Do I like that — and I think it’s our obligation as a player, if there is a rules violation that’s blatant —I mean, it could be accidental. But if it’s blatant, then I think it’s not fair to the rest of the field not to bring it up. But you bring it up quietly and try not to embarrass somebody and do it in a class manner that would maybe — we had one in The Presidents Cup last time, I think it was last time. Anyway, and we said, what do we do about it. And I don’t know why I got involved in it. I wasn’t in the tournament but I was there.
They just got the captains together and had a little conversation with the young man and it was probably the best thing that ever happened to him. I think you can handle it properly, to his advantage.
What happened with Lexi, how in the world she did what she did, I don’t have any idea. She had a 12-inch putt. She certainly wasn’t getting any advantage from it. And I think she just made a mistake.
I don’t think she did it on purpose. I don’t think she did anything malicious about anything or trying to cheat. It just happened. She did it and did it wrong, and it was obvious that she marked it back probably an inch and a half away from where it was.
So I mean, I don’t know her well, but I know her. I played with her. Nice gal. I don’t think that’s the way she was brought up or the way she would play. And so I think it just happened to be a mistake.
Now, my opinion on that kind of stuff is that once the round is over, and the scorecard is signed, the day is over. That’s my opinion. I mean, that isn’t necessarily what it is. But that’s what I think.

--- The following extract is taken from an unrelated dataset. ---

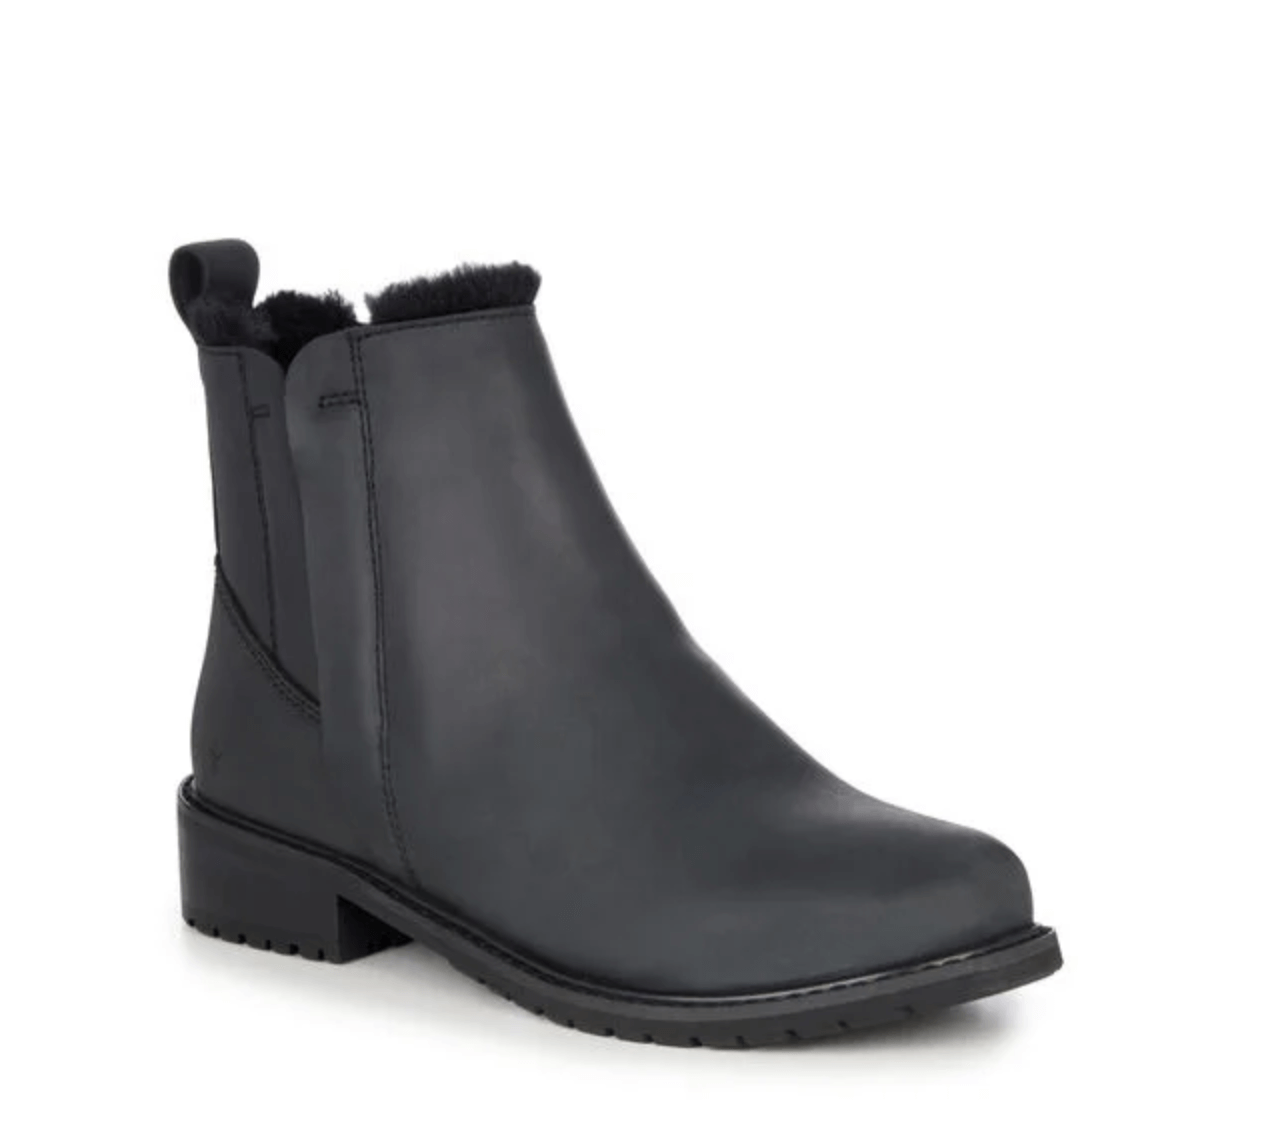 EMU Australia - Pioneer Leather Black Boots

I mean, I think what happened with Dustin last year at the U.S. Open, and to tell him on the 12th hole after waiting six holes to tell him; and then waiting, we’re going to discuss it at the end of the round, you can’t do that.
I mean, if you’re going to penalize somebody, penalize them. At least let them know and that’s when they have the ability to be able to correct it, or try to do the best they can.

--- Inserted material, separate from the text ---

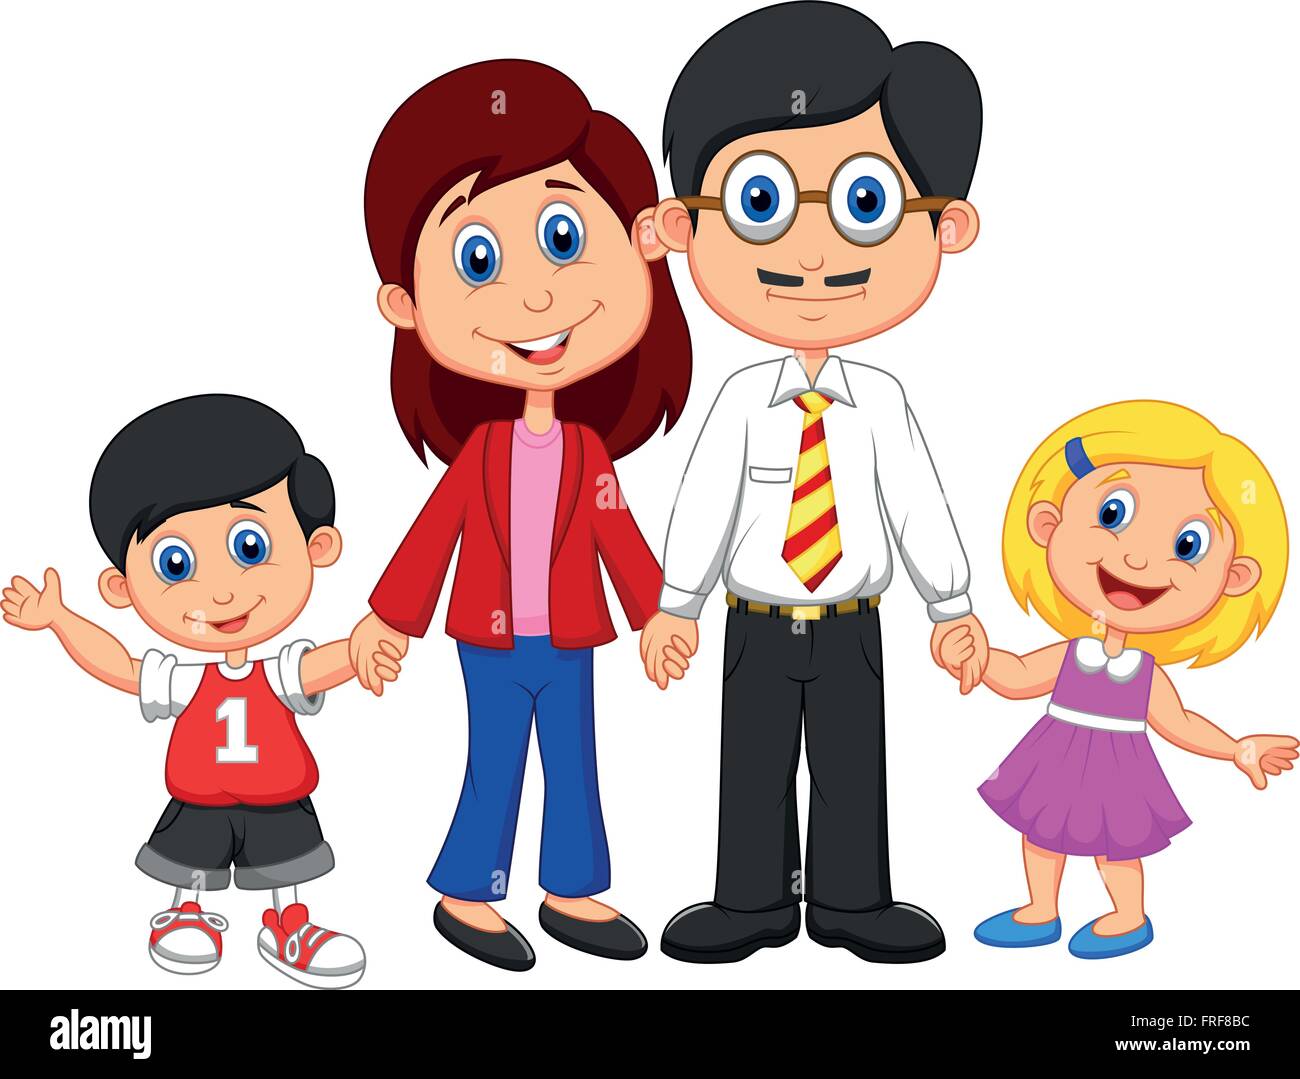 Happy Family Cartoon Stock Vector Image Art Alamy Family cartoon stock photos and images (151,195). https www alamy com stock photo happy family cartoon 100524800 html

I mean, I had a big argument with Mike Davis about that at The Open. I says, You can’t do that to the guy. Says, Oh, we did it throughout. I said, Mike, I don’t think so. That was not the right way to do it. You need to really — you’ve got to tell the kid right away and he’s got to know where he stands. Mike said, No, I think you’re wrong.
Well, okay. Taking it back — I went to Ireland and next day I’m coming back on an airplane from Ireland and Mike Davis found me over the Atlantic. [laughter] And he says, Jack, I want to apologize. I think you were right. And I thought that was very nice that he did that. I think the USGA, you don’t often hear them say they think they were wrong. [laughter] And that’s not against the USGA or anything. They are the ruling body in the game and try to do their best and try to do the best of their ability. For them to make a mistake and think that they were wrong and correct it — they had a couple last year that were not real good.
But I think everybody in the game of golf tries to do it the right way, the best way. I think there are very, very few people who take advantage of the rules in the game and if somebody does take advantage of the rules of the game, move on and make a lesson of it and I think that’s the way we should handle it.
THE MODERATOR: Thank you and Jack. Thank you so much, not only for coming back and visiting with this group but coming back to Augusta National.